__TASK TO COMPLETE__
Could you reproduce the lines below from the one with "New PiL Gold" through the one with "Una vaca nalgas"? Keep both ends and add nothing.

__DATA IN THIS EXERCISE__

========================

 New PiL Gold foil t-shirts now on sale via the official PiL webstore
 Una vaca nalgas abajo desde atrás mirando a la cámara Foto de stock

========================

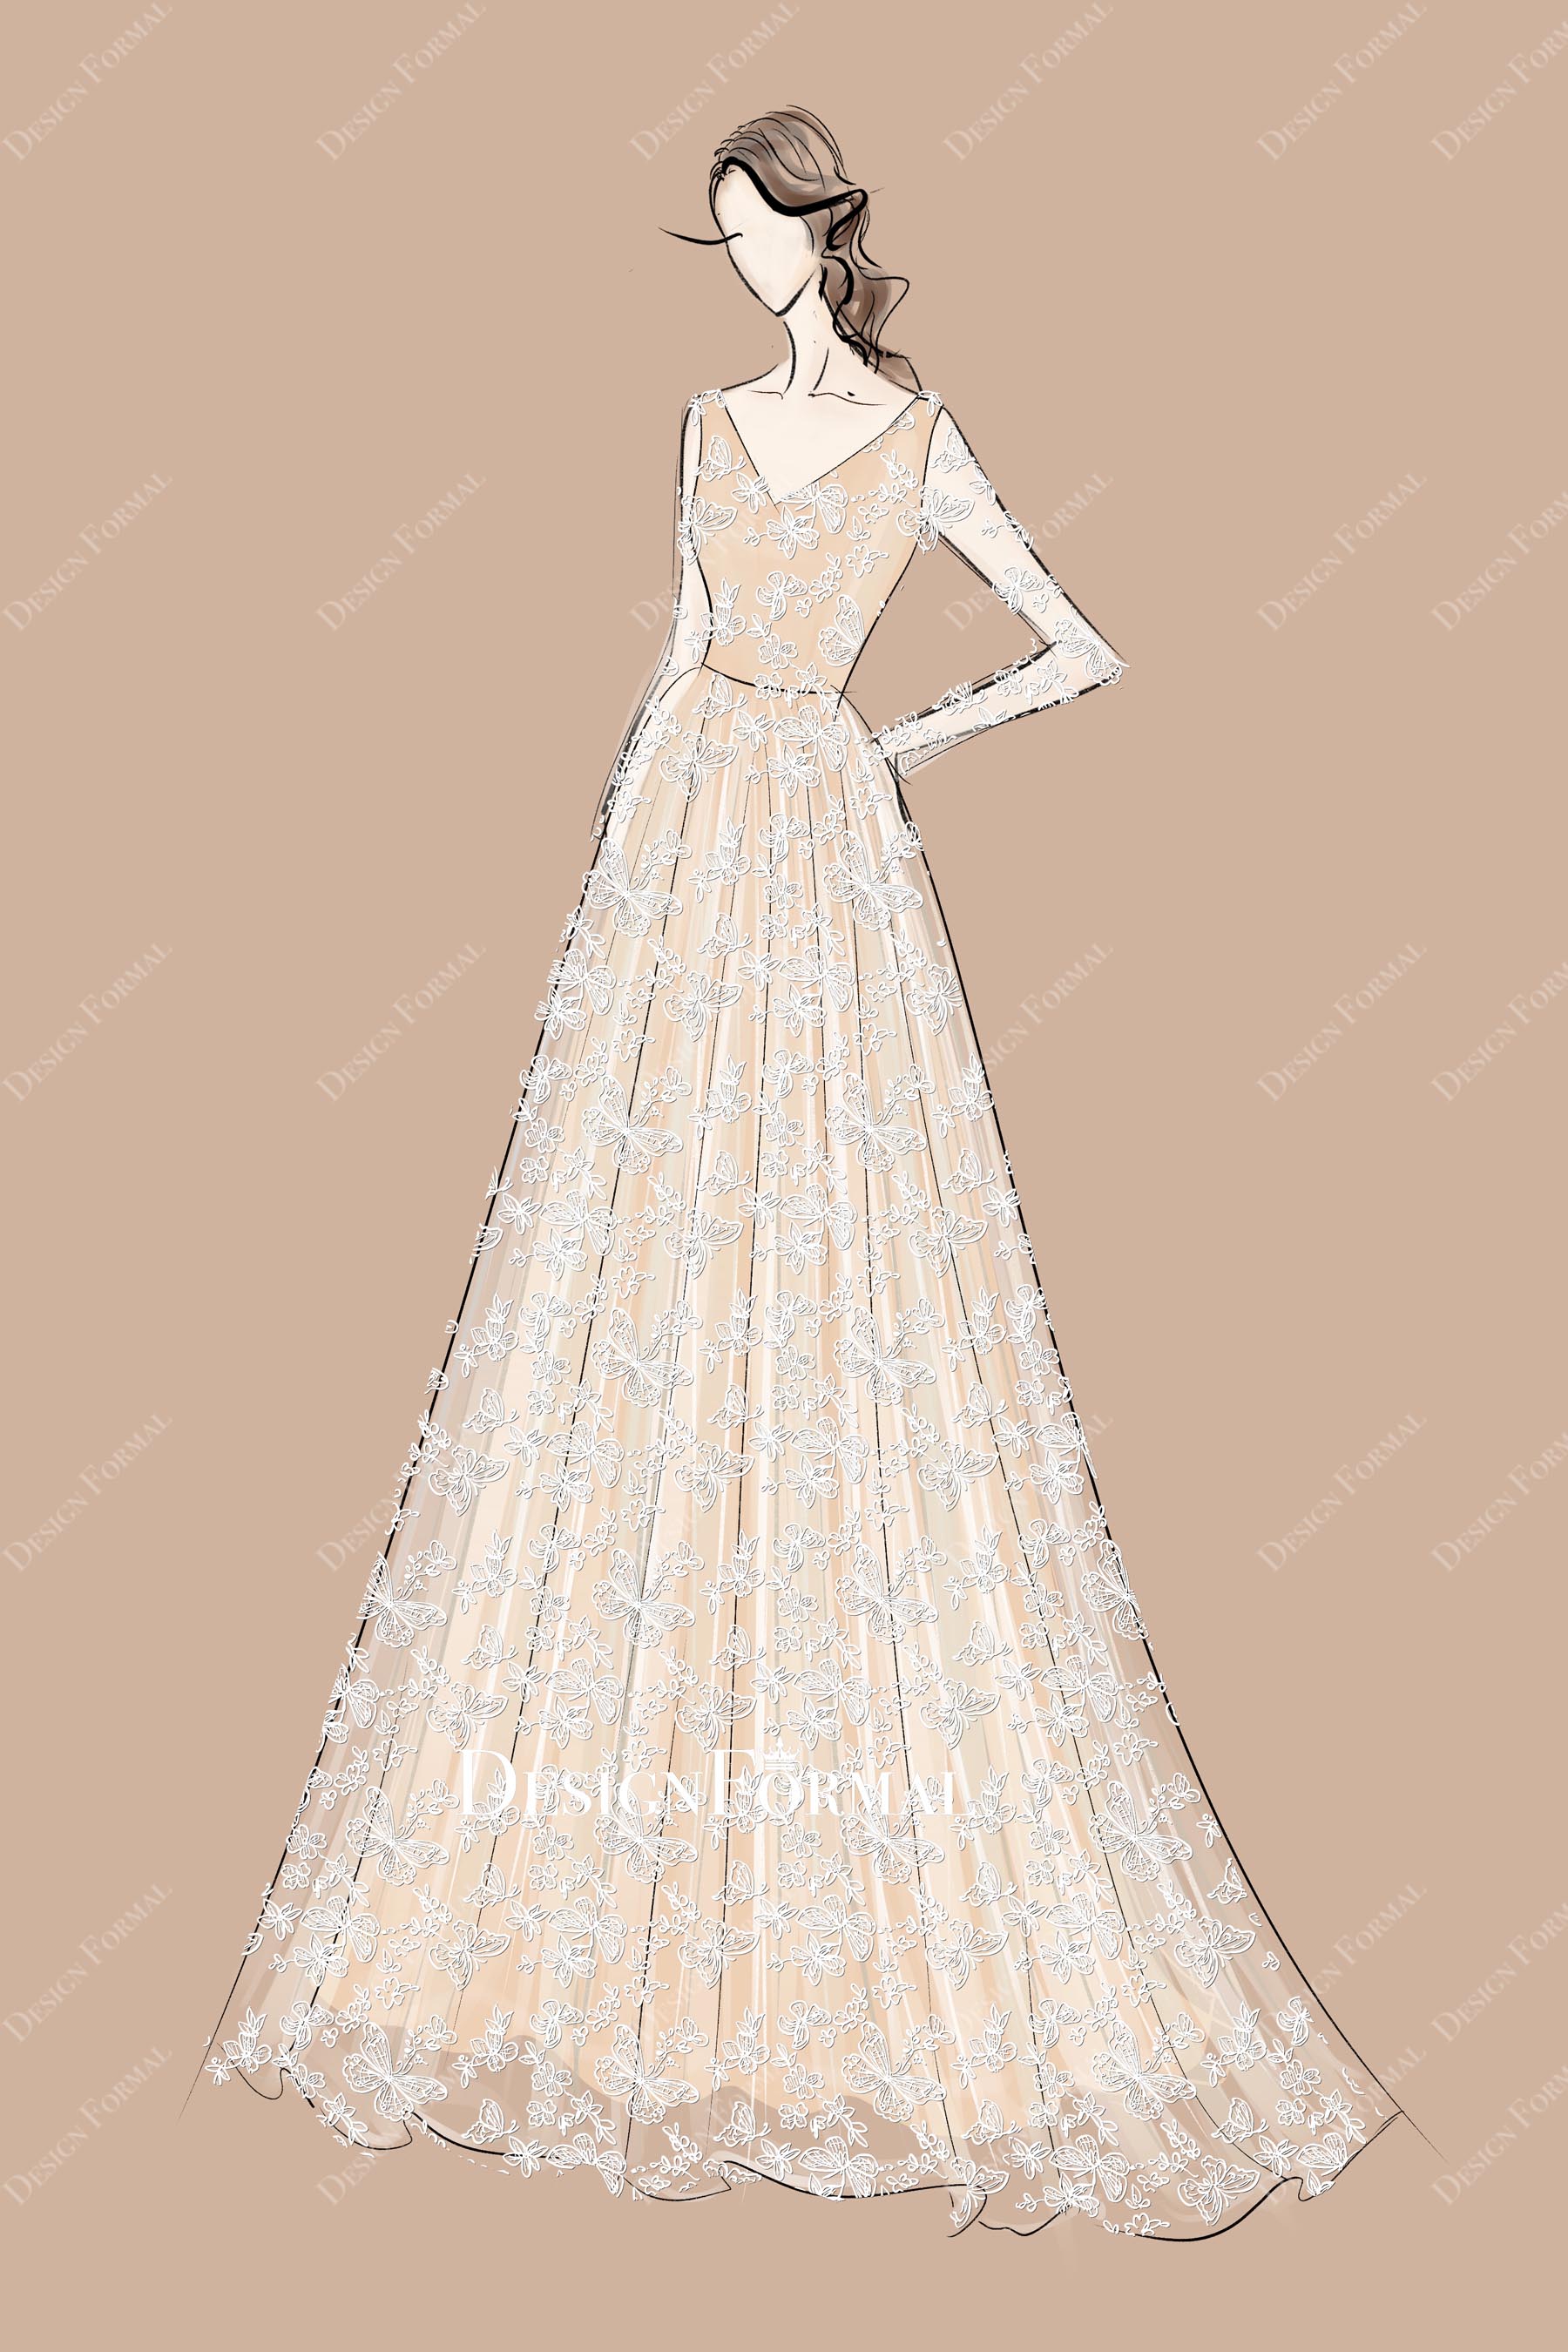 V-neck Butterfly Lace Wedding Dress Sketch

========================

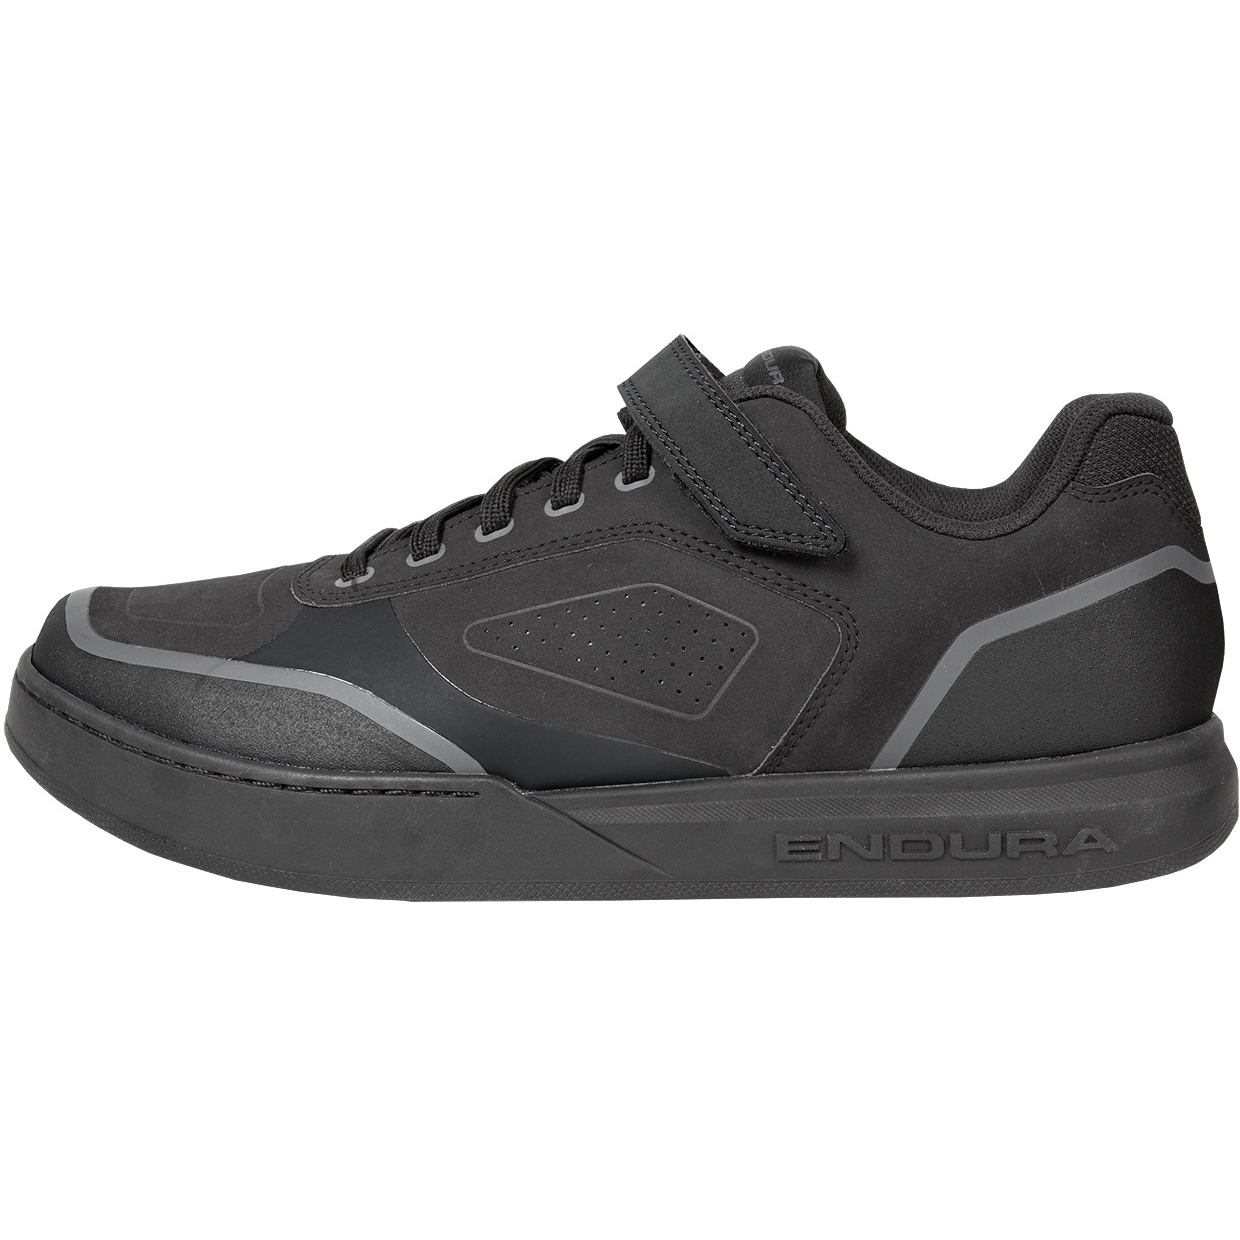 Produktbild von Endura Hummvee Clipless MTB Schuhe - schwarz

========================

__FINAL ANSWER__
 New PiL Gold foil t-shirts now on sale via the official PiL webstore
 Una vaca nalgas abajo desde atrás mirando a la cámara Foto de stock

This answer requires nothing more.